The overall structure of the data can be observed via the networks obtained from cohesion (referred to here as "community graphs").    The community graph is a symmetric, weighted graph which is obtained from symmetrizing the cohesion matrix (using $\min\{C_{x, w}, C_{w, x}\}$) and removing self-loops.  The "community cluster graph" is the subgraph consisting of only the edges for which mutual cohesion greater than the above threshold.  
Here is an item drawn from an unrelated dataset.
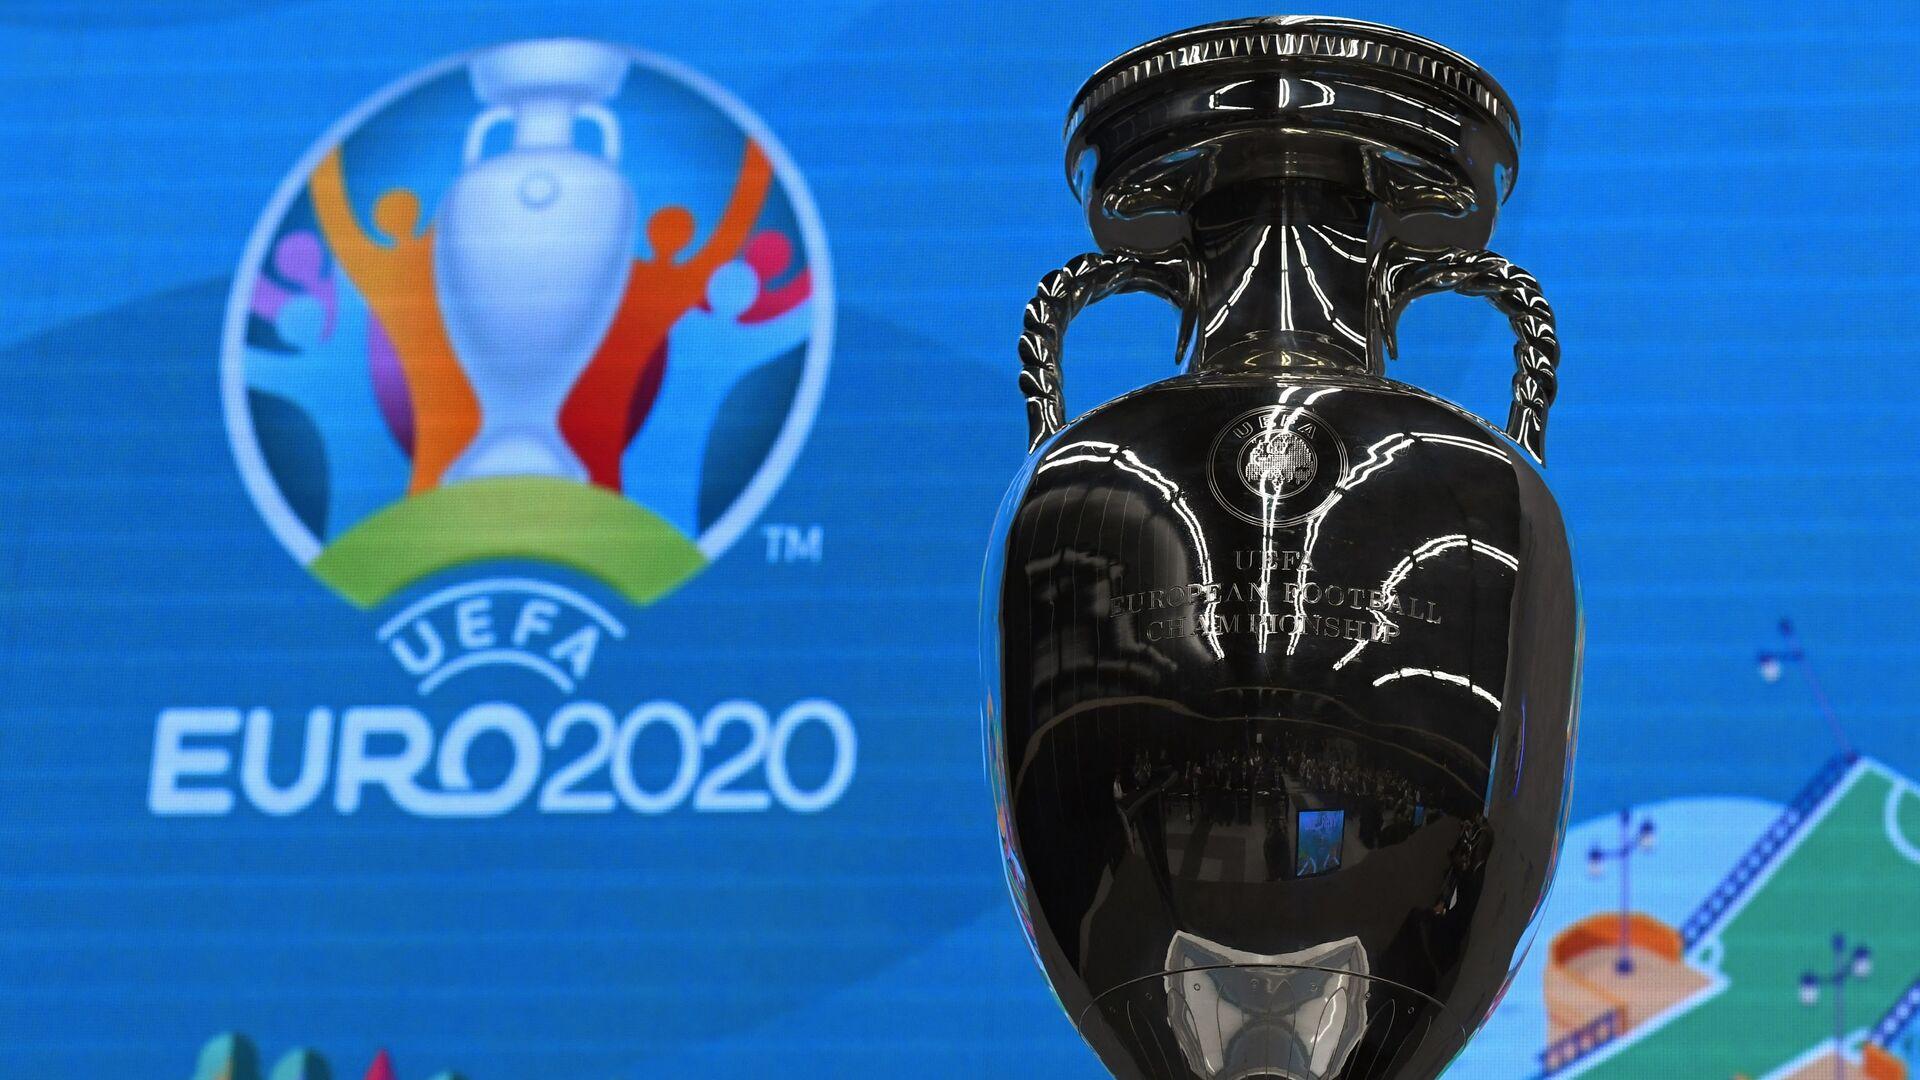 Evro-2020-ის თასი - Sputnik საქართველო, 1920, 30.09.2021
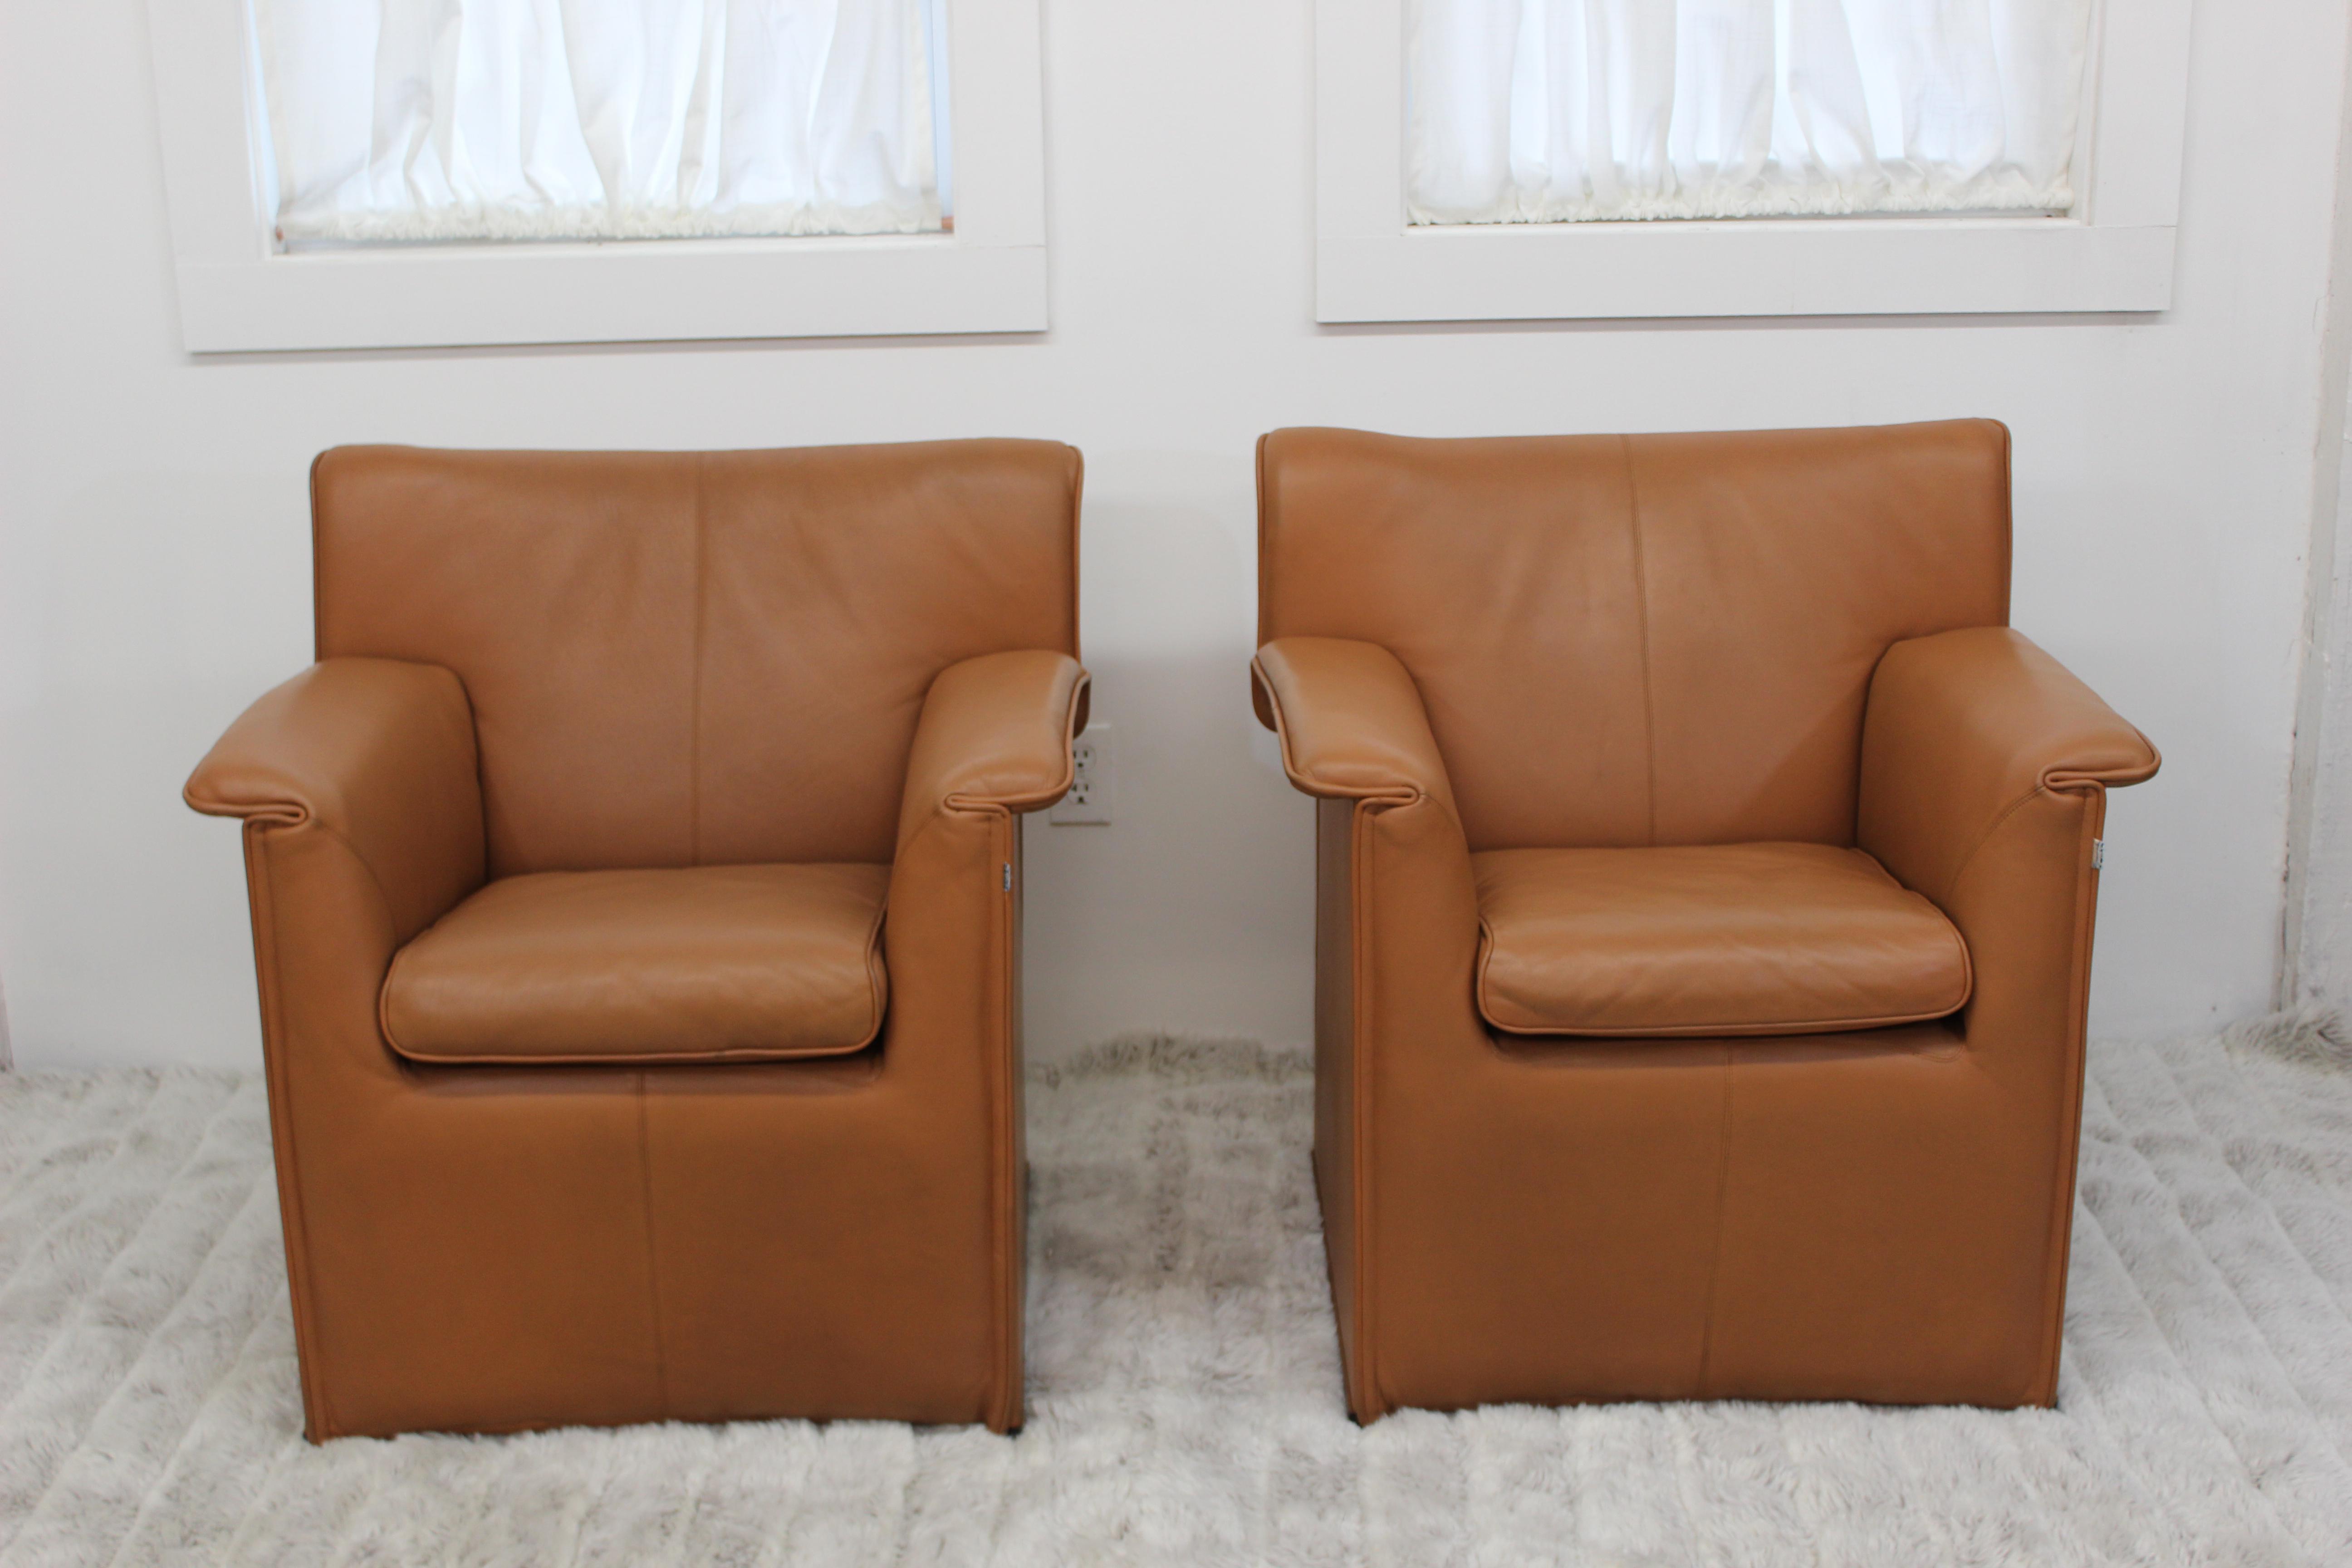 Afra U0026 Tobia Scarpa For Bu0026B Italia Mid Century Lauriana Chairs   A Pair

The connected components of the community cluster graph, `G_strong`, are referred to the (community) clusters of the data.  Note that no additional inputs (e.g., number of clusters, neighborhood size) nor optimization criteria are employed in (community) cluster identification.  

Strong ties between points will not be severed; if further partitioning of the community graph is desired, one could employ other methods (for instance, the Louvain method) to the resulting community graphs.  


```{r cluster, message=FALSE}
graphs <- community_graphs(C)

community_clusters(C)
```

A function for plotting the community graphs, in which the edges and vertices are colored according to cluster membership, is provided.  The default layout is obtained via the Fruchterman Reingold (FR) force-directed graph drawing algorithm.  Note that the FR force-directed algorithm will provide somewhat different layouts each time it is run.  

```{r comm}
plot_community_graphs(C) 
```

You can save a particular network layout using `community_graphs(C)$layout`.The function `plot_community_graphs` can take a given layout as an argument. Below, let's overlay the community graph on the original data, that is, plot the network using the layout provided by the original data.  

```{r comm-2}
par(pty = "s")
plot(exdata1,
     xlim = c(0, 1), 
     ylim = c(0, 1), 
     col = "white",
     xlab = "", 
     ylab = "")
par(new = TRUE)
plot_community_graphs(C, layout = as.matrix(exdata1), show_labels = FALSE)
```


## Cohesion Against Distance

Observe that cohesion is not a direct transformation of distance.  The `dist_cohesion_plot()` function provides a plot of pairwise distances and associated value(s) of cohesion; the horizontal line indicates the threshold.   Within-cluster edges are colored, and weak ties are plotted as open circles. See [@bmm22] for more on the interpretation of these plots.  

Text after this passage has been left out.